How is memory handled in Python's Lists?

Question

See the code below, as you see when a=[1,2] that is a homogeneous type the address of 1st and 2nd elements differed by 32 bits but in second case when a=[1,'a',3],there is no relation between address of 1st and 2nd element but there is relation between 1st and 3rd element that is address differs by 64 bits. So I want to know how is memory handled and how indexing takes place and how is it linked to being non hashable (that is mutable)

>>> a=[1,2]
>>> print(id(a[0]))
4318513456
>>> print(id(a[1]))
4318513488
>>> a=[1,'a',3]
>>> print(id(a[0]))
4318513456
>>> print(id(a[1]))
4319642992
>>> print(id(a[2]))
4318513520
>>>

Answer 1

In general, ids don't matter. Don't worry about ids. Don't look at ids. In fact, it's a CPython implementation detail that ids are memory addresses, because it's convenient. Another Python implementation might do something else.

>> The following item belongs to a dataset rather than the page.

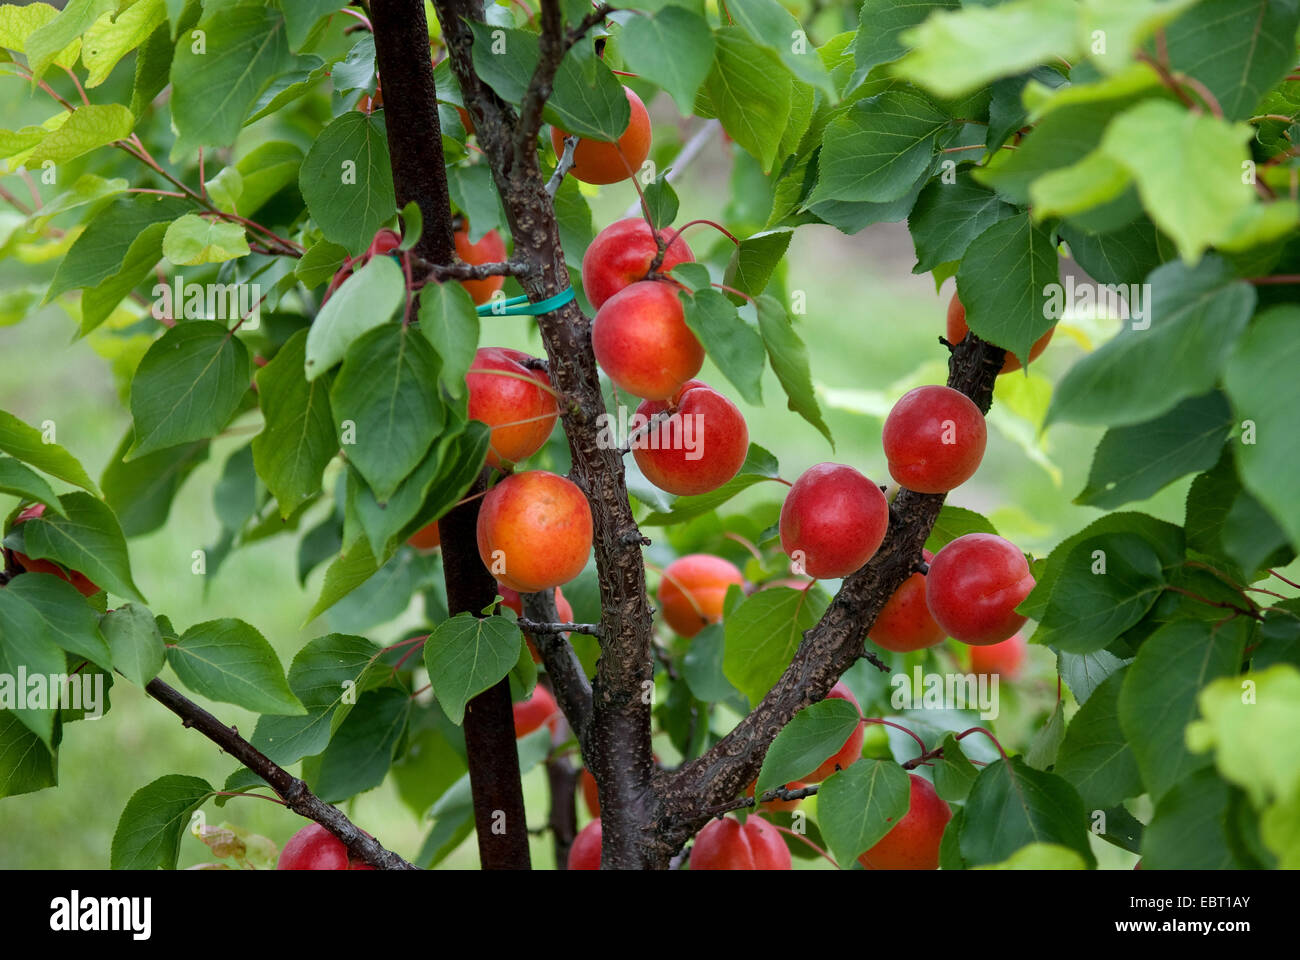 apricot tree (Prunus armeniaca 'Big Red', Prunus armeniaca Big Red), cultivar Big Red, apricots on a tree Stock Photo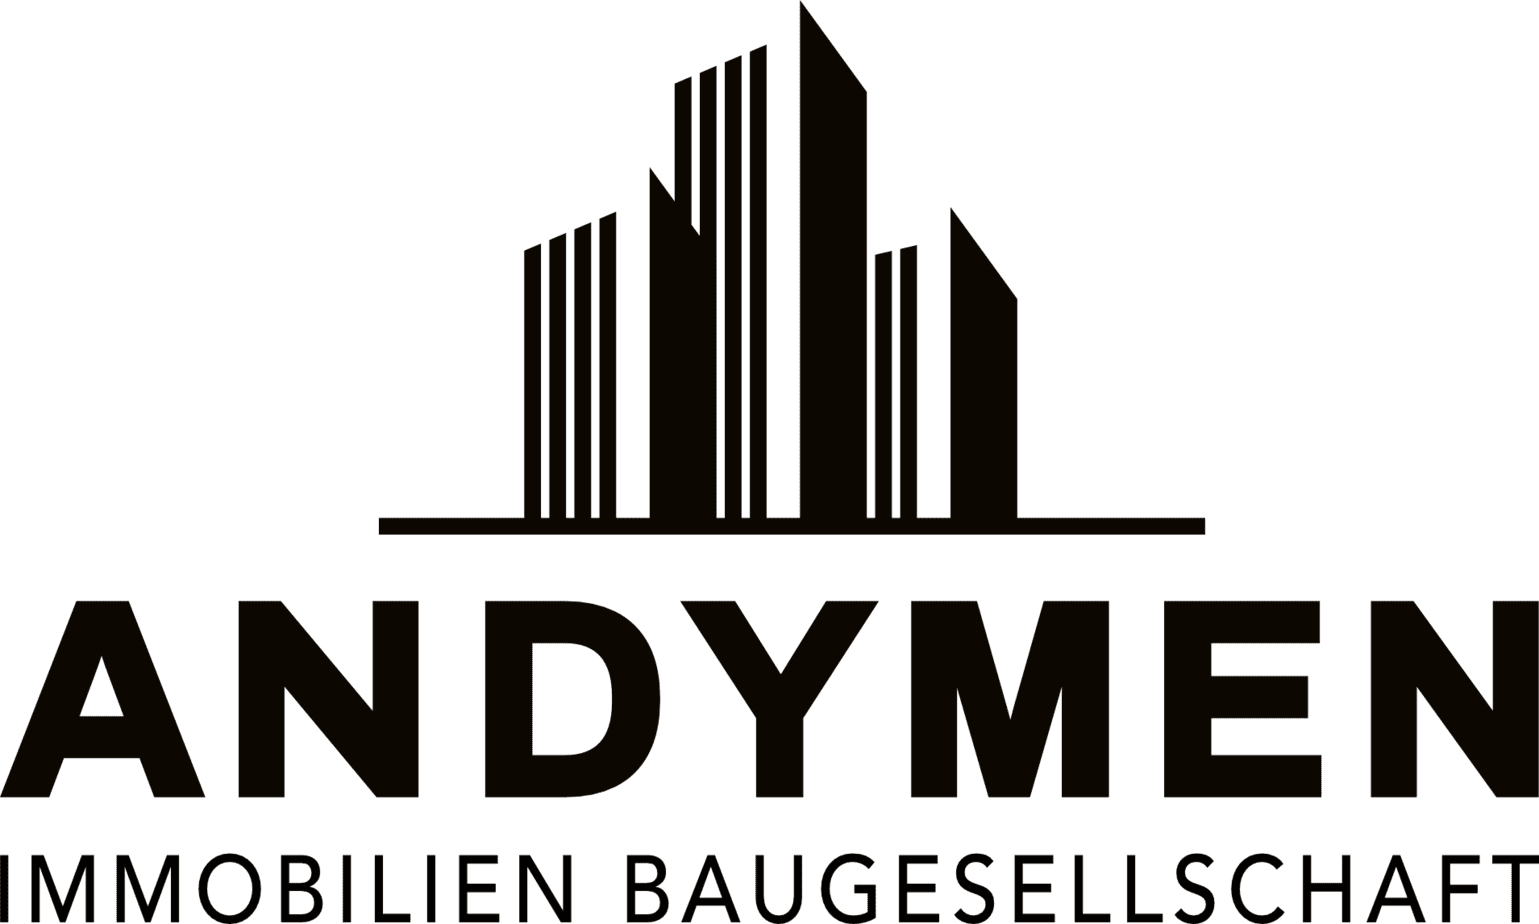 Andymen Baugesellschaft Logo square

In any case, you're seeing CPython's small integer cache (see e.g. this question), where certain integer objects are preallocated as "singleton" objects since they're expected to be used often. However, that too is an implementation detail.

The string 'a', on the other hand, is not cached (it might have been interned if your code had been loaded from a .py file on disk), so it's allocated from somewhere else.

As for your question about indexing, CPython (again, another implementation might do things differently) lists are, under the hood, arrays of pointers to PyObjects, so it's just an O(1) operation.